The Origins of Bigdata

While sharing our thoughts on big data with our communications team, we were storytellers. The story around big data was impromptu! We realized the oft-quoted VolumeVariety and Velocity actually can be mapped to TransactionsInteractions and Actions. I have represented it using a Visual.ly infographic background.

Here is a summary –

“The trend we observe is that the problems around big data are increasingly being spoken about more in business terms viz.Transactions, Interactions, Actions and less in technology terms viz. Volume, Variety, Velocity. These two represent complementary aspects and from a big data perspective promise better business-IT alignment in 2013, as business gets hungrier still for more actionable information.”

Volume – Transactions

More interestingly, as in a story, it flowed along time and we realize that big data appears on the scene as an IT challenge to grapple with when the Volume happens, which comes from either growing rate of transactions. Sometimes transactions occur in several hundreds per second, or as billions of database records required to process in a single batch were the volume is multiplied due to newer, more sophisticated models being applied as in the case of risk analysis. Big data appears on the scene as a serious IT challenge and project to deal with associated issues around scale and performance of large volumes of data. Typically, these are Operational in nature and internal facing.

These large volumes are often dealt with by relying on a public Cloud infrastructure such as Amazon, Rackspace, Azure, etc. or more sophisticated solutions involving ‘big data appliances’ that combine Terabyte scale RAM at hardware level with  in-memory processing software from large companies such as HP, Oracle, SAP, etc.

Variety – Interactions

The next level of big data problems surface when dealing with external facing information arising out of Interactions with customers, and other stakeholders. Here one is confronted with a huge variety of information, mostly textual, captured from customers interactions with call centers, emails, or meta data from these including videos, logs, etc. The challenge is in semantic analysis of huge volumes of text to determine either user intent or sentiment and project brand reputation, etc. However, despite ability to process this volume and variety, getting a reasonably accurate measurement that is ‘good enough’ still remains a daunting challenge.

Value – Transactions + Interactions

The third level of big data appears where some try to make sense of all the data that is available – structured and unstructured, transactions and interactions, current and historical, to enrich the information, pollinate the raw text by determining business entities extracted, linking them to richer structured data, linking to yet other sources of external information, to triangulate and derive a better view of the data for more Value.

Velocity – Actions

And finally, we deal with Velocity of the information as it happens. Could be for obvious aspects like Fraud detection, etc. but also to determine actionable insights before information goes stale. This requires addressing all aspects of big data to be addressed as it flows and within a highly crunched time frame.
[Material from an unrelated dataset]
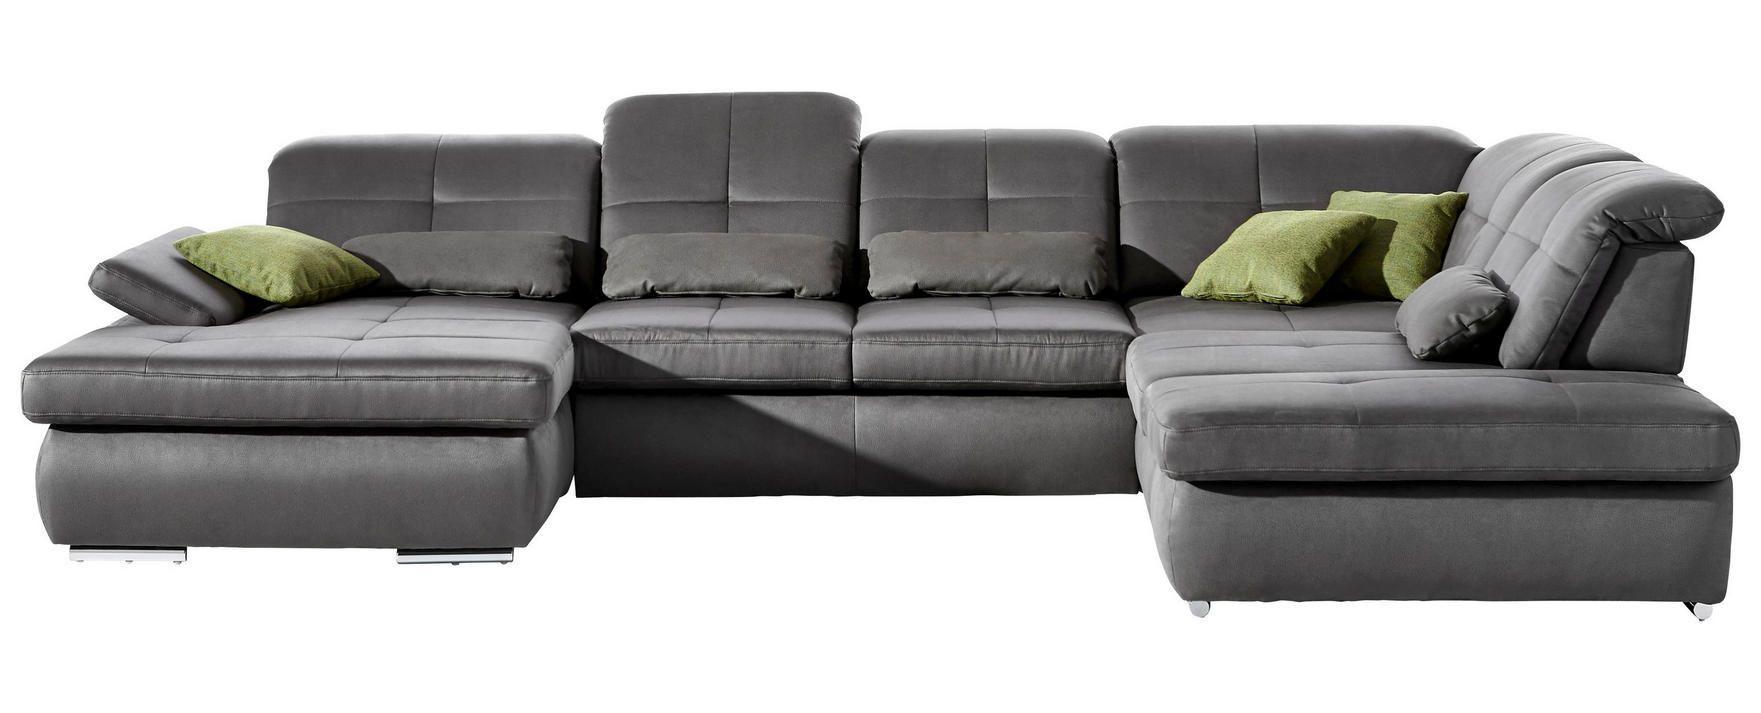 Beldomo Speed Sofa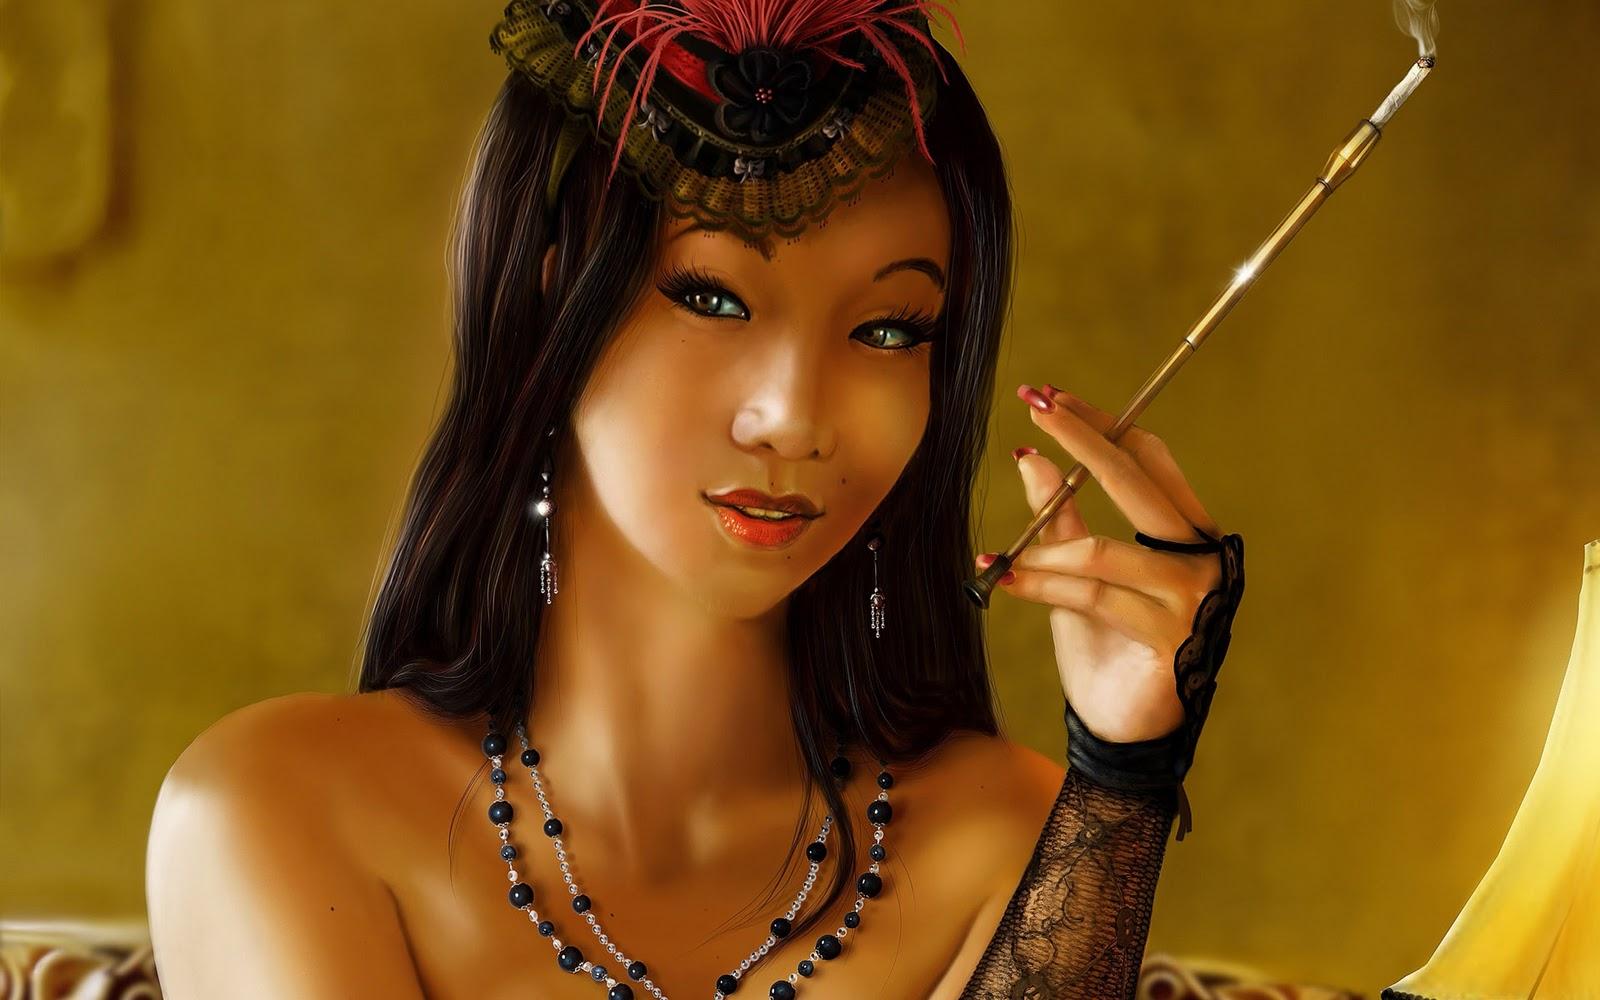 http://3.bp.blogspot.com/_lpyY1akuLxE/TSQx0YpZ5hI/AAAAAAAAAXA/ddKqM5QfN6g/s1600/wallpaper-desktop-by-freewallapaperstock.blogspot.com%2B%25252839%252529.jpg

For example, an equity analyst or broker would like to be informed about trading anomalies or patterns detected as intraday trades happen.

The business impact of Bigdata

First published on blog.bizosys.com 21 dec, 2012

As a company engaged in Big data before the term became as common as it is today, we are constantly having conversations around solutions that have a big data problem. Naturally, a lot of talk ranges around Hadoop, NoSQL, and other such technologies. 

But what we notice is a  pattern in how this is impacting business. There is a company that caters to researchers who till recently were dealing with petabytes of data. This is a client company and we helped implement our HSearch real time big data search engine for Hadoop. Before this intervention, the norm was to wait for upto 3 days at times to receive a report for a query spanning the petabytes of distributed information that was characterized by huge volumes and lot of variety. Today, the norm has changed with big data solution and it is about sub second response times.

Similarly, in a conversation with a Telecom industry veteran, we were told that the health of telecom has always been networks monitored across large volume of transmission towers and together generate over 1 Terabyte of data each day as machine logs, sensor data, etc. The norm here was to receive health reports compiled at a weekly frequency. Now, some players are not satisfied with that and want to receive these reports on a daily basis, and possibly hourly or even in real time.

Not stopping at reporting as it happens, or in near real-time, the next question business is asking, if you can tell so fast, can you predict it will happen, especially in  a world of monitoring IT systems and machine generated data. We will leave predicting around human generated data analytics (read – social feed analysis) out of the story for the moment. Predictive analysis could mean predicting that a certain purple shade large size polo neck is soon going to run out of stock for a certain market region given other events. Or it could mean, more feasible, that a machine serving rising number of visitors to a site is likely to go down soon since its current sensor data indicates a historical pattern, therefore, alert the adminstrator or better still bring up a new node on demand and keep it warm and ready. 

So it seems the value of big data is in its degree of freshness and actionability, and at most basic level, simply get the analysis or insight out faster by a manifold factor!